**TASK**
Your output should repeat each record below with no differences.

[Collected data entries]
^^^^^^^^^^^^^^^^
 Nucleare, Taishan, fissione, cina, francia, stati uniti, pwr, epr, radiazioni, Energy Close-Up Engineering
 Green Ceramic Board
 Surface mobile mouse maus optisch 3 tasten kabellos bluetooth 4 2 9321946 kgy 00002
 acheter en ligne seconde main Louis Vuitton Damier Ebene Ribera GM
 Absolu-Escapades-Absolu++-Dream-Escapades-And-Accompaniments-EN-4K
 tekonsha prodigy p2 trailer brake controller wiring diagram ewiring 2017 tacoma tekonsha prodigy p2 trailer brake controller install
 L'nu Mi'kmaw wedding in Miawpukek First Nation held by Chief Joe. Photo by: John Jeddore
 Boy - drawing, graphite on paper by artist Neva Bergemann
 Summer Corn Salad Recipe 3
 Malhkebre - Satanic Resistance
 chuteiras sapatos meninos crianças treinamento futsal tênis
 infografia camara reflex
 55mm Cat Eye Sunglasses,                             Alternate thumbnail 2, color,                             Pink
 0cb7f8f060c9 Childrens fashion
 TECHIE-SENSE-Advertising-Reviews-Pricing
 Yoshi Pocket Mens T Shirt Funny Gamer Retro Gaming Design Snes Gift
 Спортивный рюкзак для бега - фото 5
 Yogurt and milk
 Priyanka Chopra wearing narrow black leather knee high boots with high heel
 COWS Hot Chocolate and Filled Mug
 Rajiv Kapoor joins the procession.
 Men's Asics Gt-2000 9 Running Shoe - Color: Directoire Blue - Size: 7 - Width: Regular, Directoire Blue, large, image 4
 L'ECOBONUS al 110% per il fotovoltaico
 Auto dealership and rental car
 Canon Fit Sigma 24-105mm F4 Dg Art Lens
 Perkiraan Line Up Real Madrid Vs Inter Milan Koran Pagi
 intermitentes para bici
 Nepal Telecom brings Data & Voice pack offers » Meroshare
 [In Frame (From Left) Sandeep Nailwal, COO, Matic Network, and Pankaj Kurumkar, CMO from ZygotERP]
^^^^^^^^^^^^^^^^
**YOUR RESPONSE**
 Nucleare, Taishan, fissione, cina, francia, stati uniti, pwr, epr, radiazioni, Energy Close-Up Engineering
 Green Ceramic Board
 Surface mobile mouse maus optisch 3 tasten kabellos bluetooth 4 2 9321946 kgy 00002
 acheter en ligne seconde main Louis Vuitton Damier Ebene Ribera GM
 Absolu-Escapades-Absolu++-Dream-Escapades-And-Accompaniments-EN-4K
 tekonsha prodigy p2 trailer brake controller wiring diagram ewiring 2017 tacoma tekonsha prodigy p2 trailer brake controller install
 L'nu Mi'kmaw wedding in Miawpukek First Nation held by Chief Joe. Photo by: John Jeddore
 Boy - drawing, graphite on paper by artist Neva Bergemann
 Summer Corn Salad Recipe 3
 Malhkebre - Satanic Resistance
 chuteiras sapatos meninos crianças treinamento futsal tênis
 infografia camara reflex
 55mm Cat Eye Sunglasses,                             Alternate thumbnail 2, color,                             Pink
 0cb7f8f060c9 Childrens fashion
 TECHIE-SENSE-Advertising-Reviews-Pricing
 Yoshi Pocket Mens T Shirt Funny Gamer Retro Gaming Design Snes Gift
 Спортивный рюкзак для бега - фото 5
 Yogurt and milk
 Priyanka Chopra wearing narrow black leather knee high boots with high heel
 COWS Hot Chocolate and Filled Mug
 Rajiv Kapoor joins the procession.
 Men's Asics Gt-2000 9 Running Shoe - Color: Directoire Blue - Size: 7 - Width: Regular, Directoire Blue, large, image 4
 L'ECOBONUS al 110% per il fotovoltaico
 Auto dealership and rental car
 Canon Fit Sigma 24-105mm F4 Dg Art Lens
 Perkiraan Line Up Real Madrid Vs Inter Milan Koran Pagi
 intermitentes para bici
 Nepal Telecom brings Data & Voice pack offers » Meroshare
 [In Frame (From Left) Sandeep Nailwal, COO, Matic Network, and Pankaj Kurumkar, CMO from ZygotERP]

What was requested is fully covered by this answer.